* [Problem description]: Go to the line holding "Sweatshirts & Sweaters" in the data below and repeat it exactly, then each line after it up to and including the one holding "Utredningen har lämnat". Omit pictures.

* [Material for this exercise]:
◇ ◇ ◇ ◇ ◇
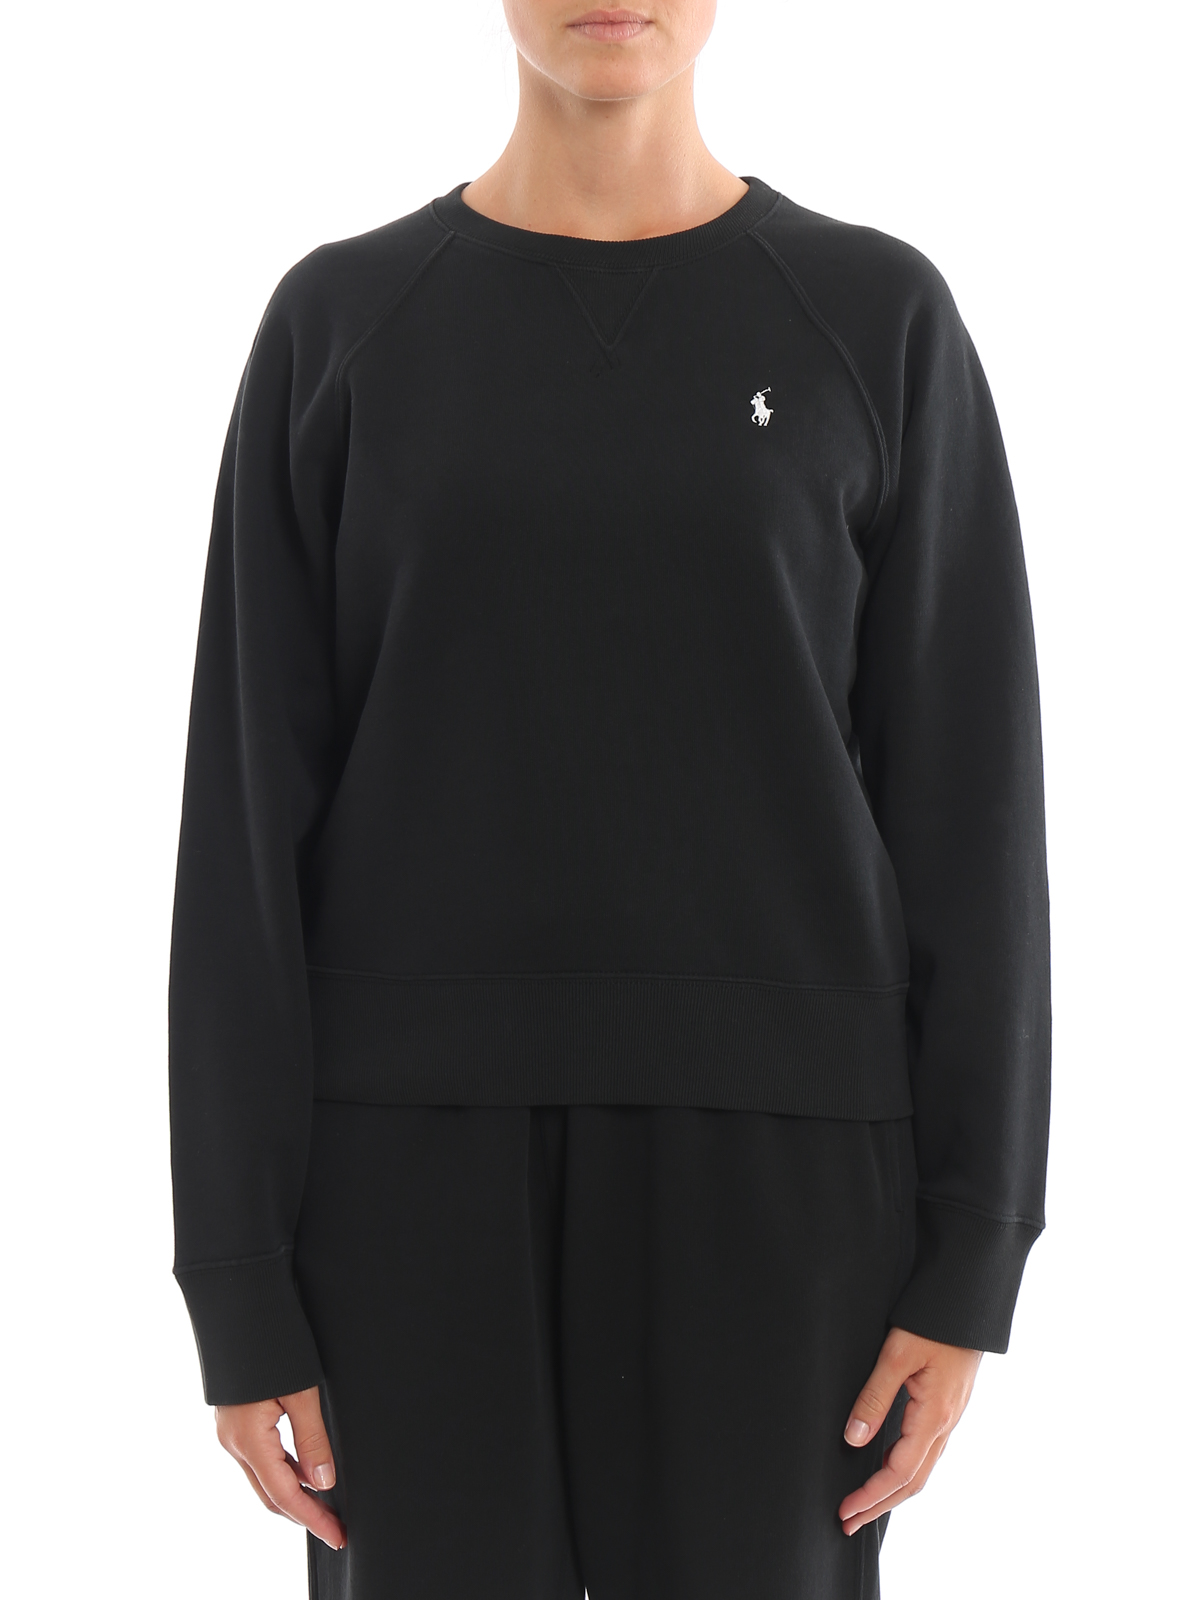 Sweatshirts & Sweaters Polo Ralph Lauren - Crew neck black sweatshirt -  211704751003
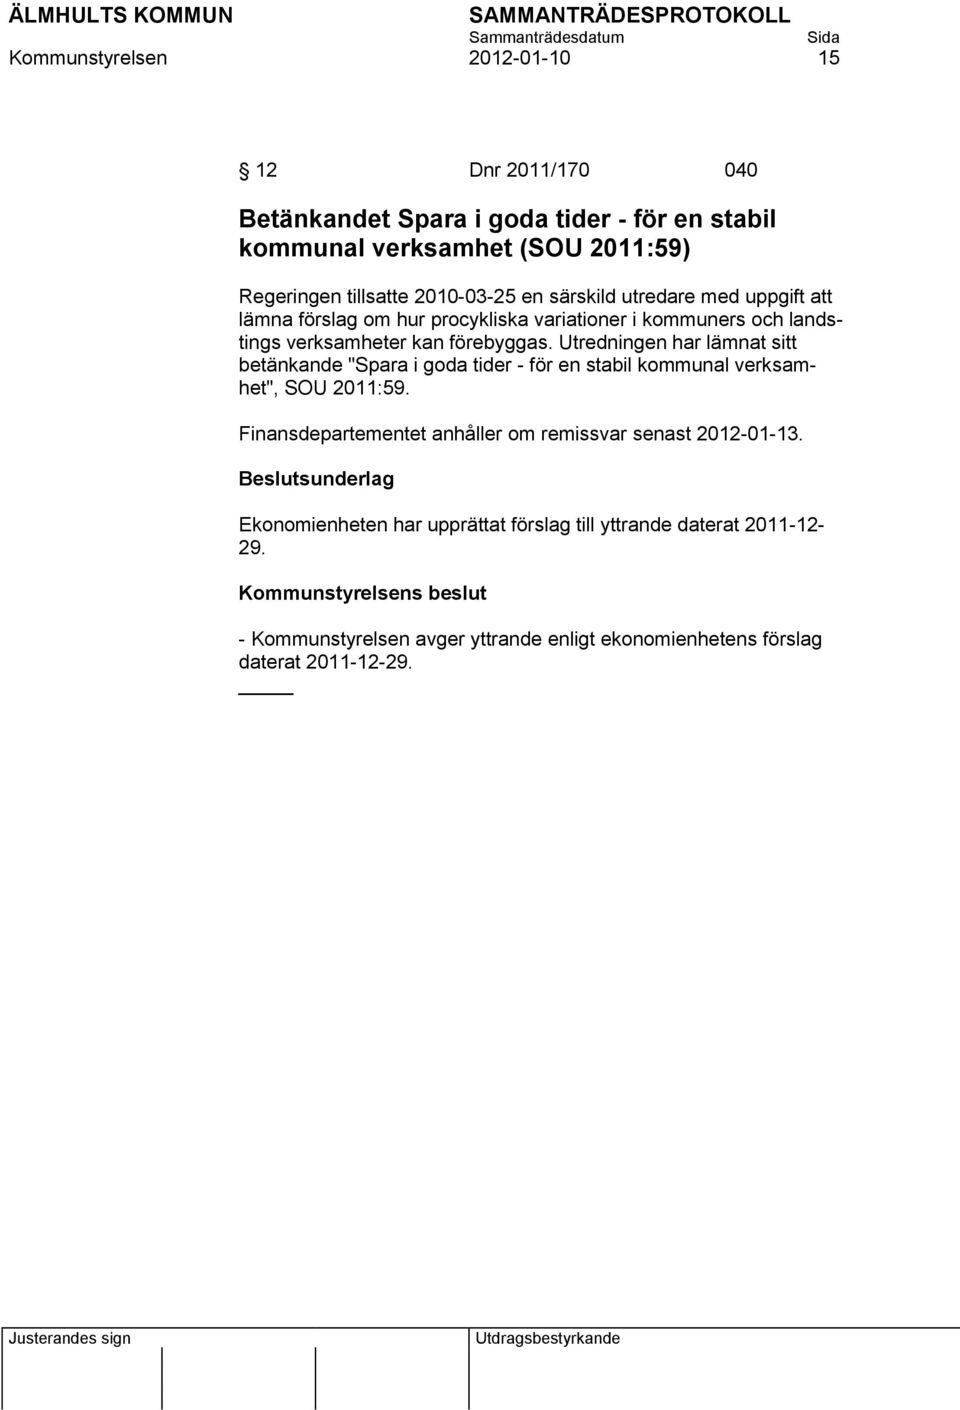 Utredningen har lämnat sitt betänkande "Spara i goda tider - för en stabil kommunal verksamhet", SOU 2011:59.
◇ ◇ ◇ ◇ ◇
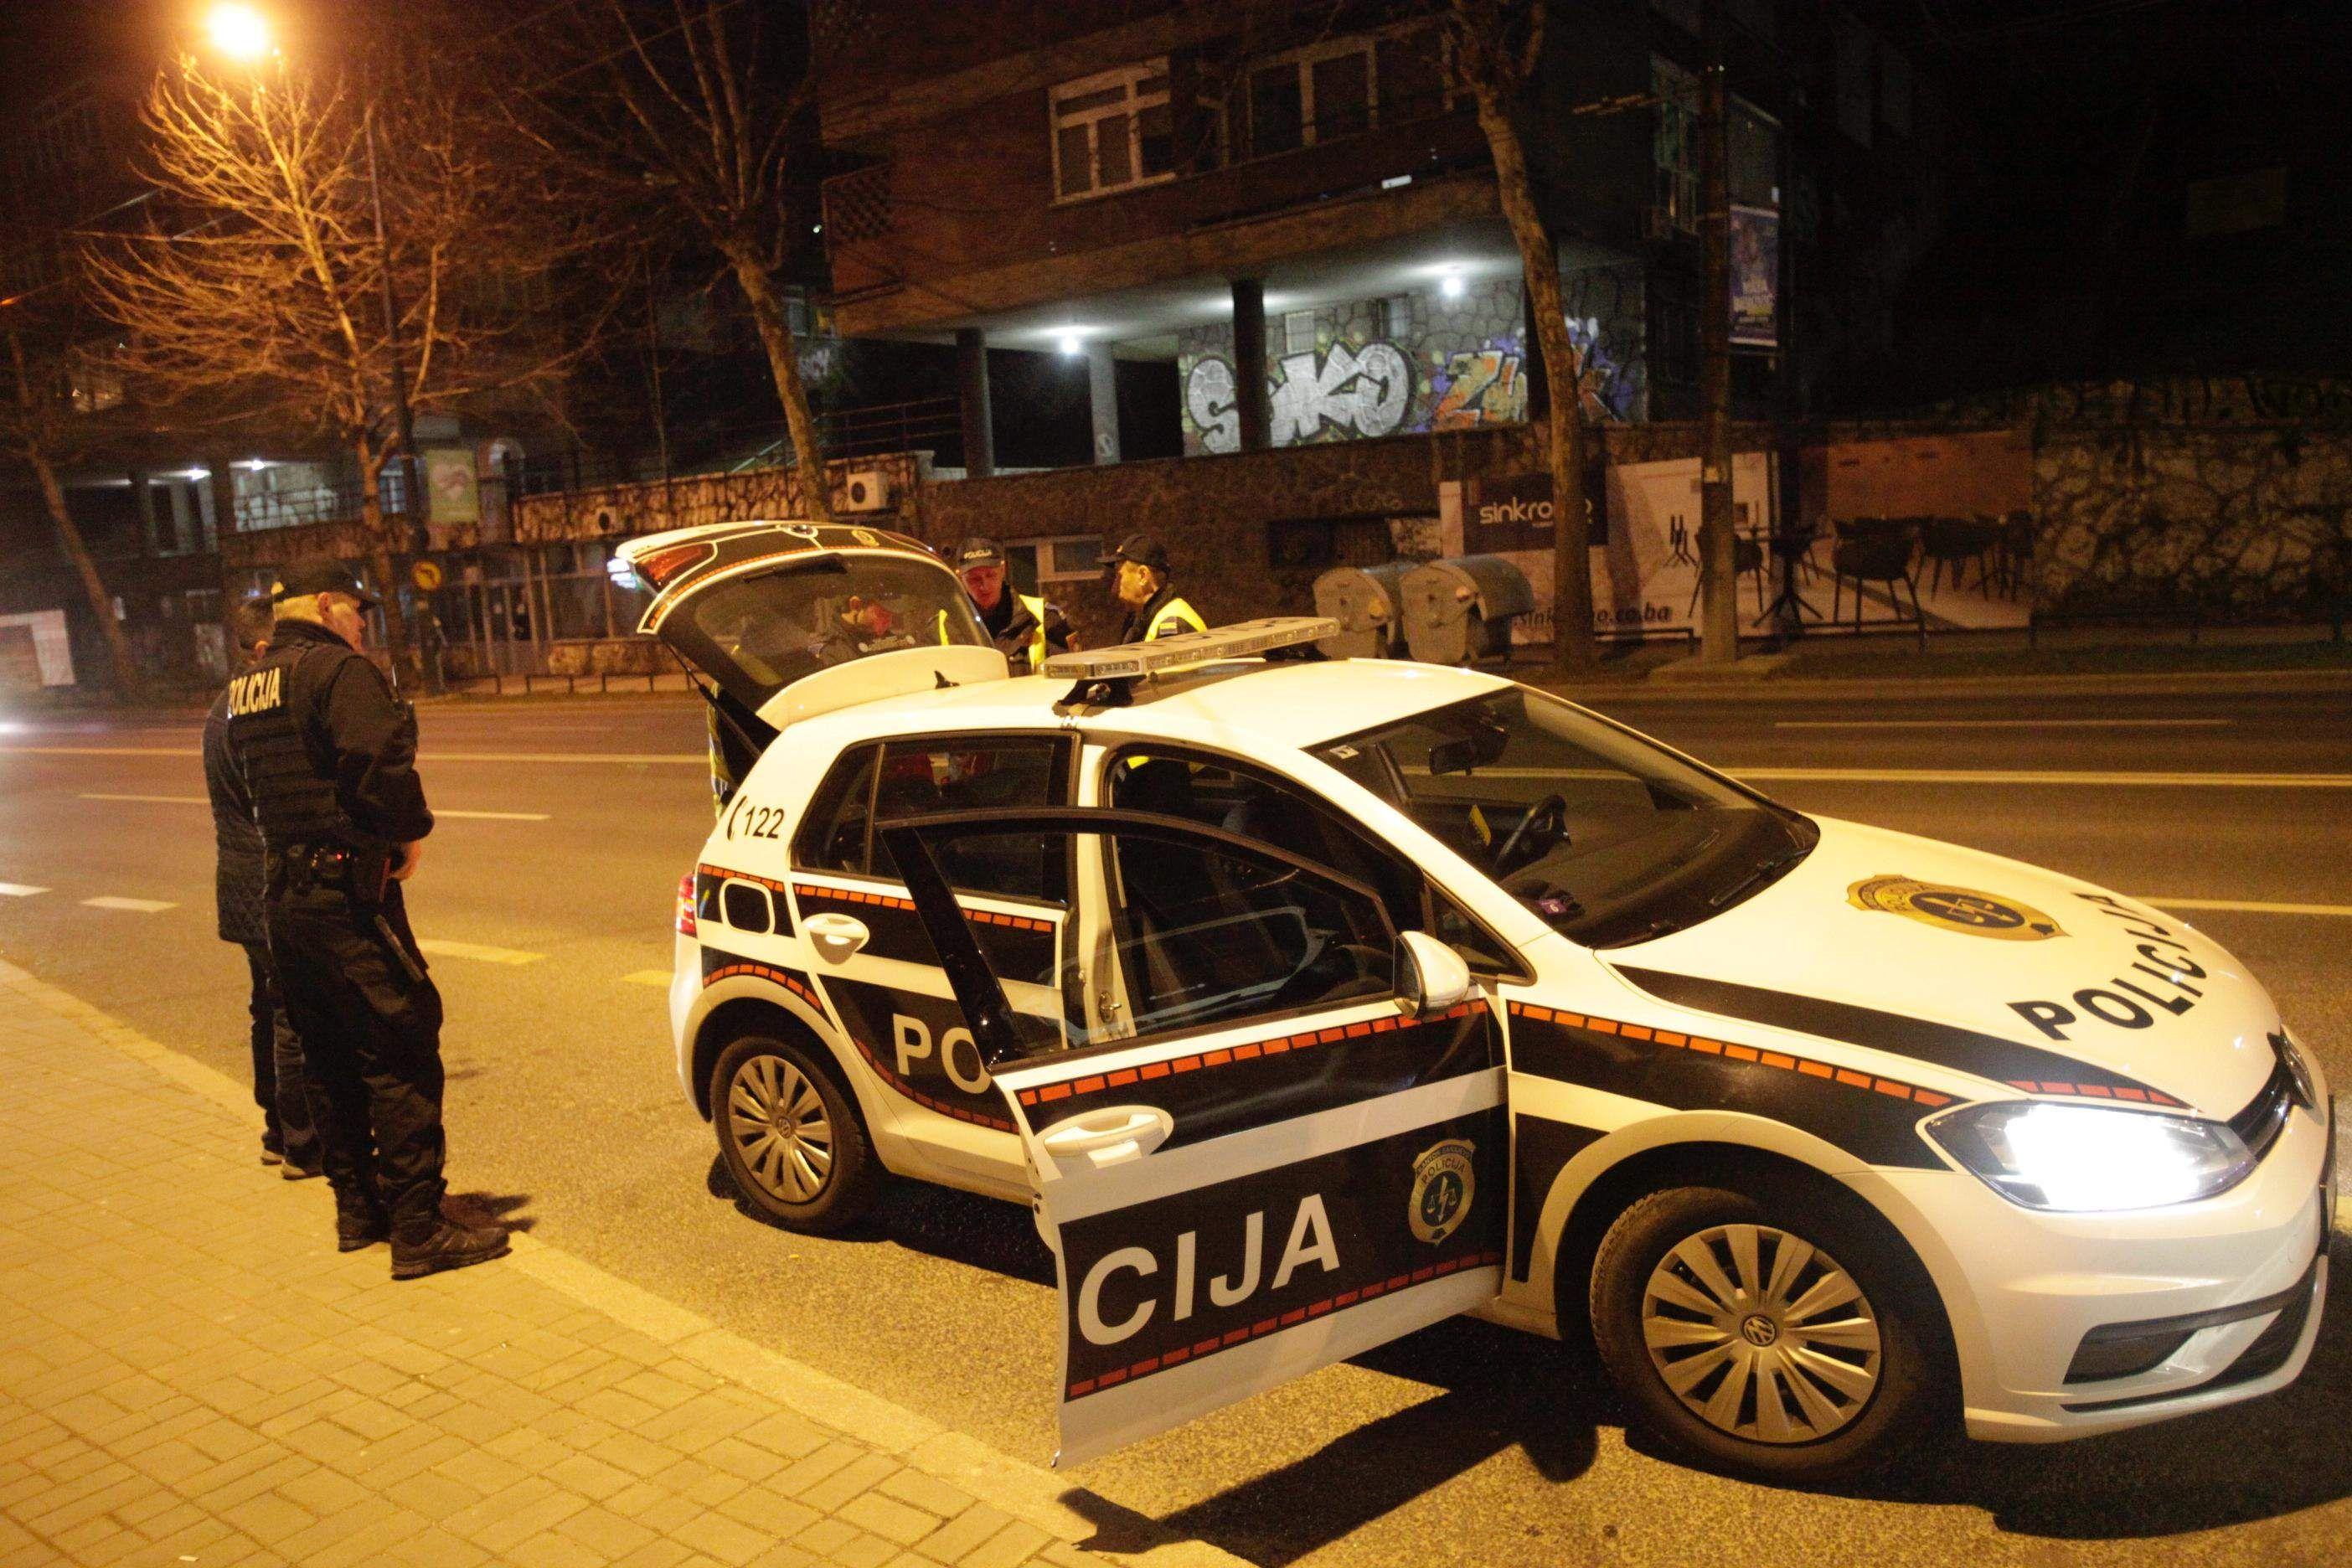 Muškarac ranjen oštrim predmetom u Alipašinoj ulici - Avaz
◇ ◇ ◇ ◇ ◇
* [Solution for this exercise]:
 Sweatshirts & Sweaters Polo Ralph Lauren - Crew neck black sweatshirt -  211704751003
 Utredningen har lämnat sitt betänkande "Spara i goda tider - för en stabil kommunal verksamhet", SOU 2011:59.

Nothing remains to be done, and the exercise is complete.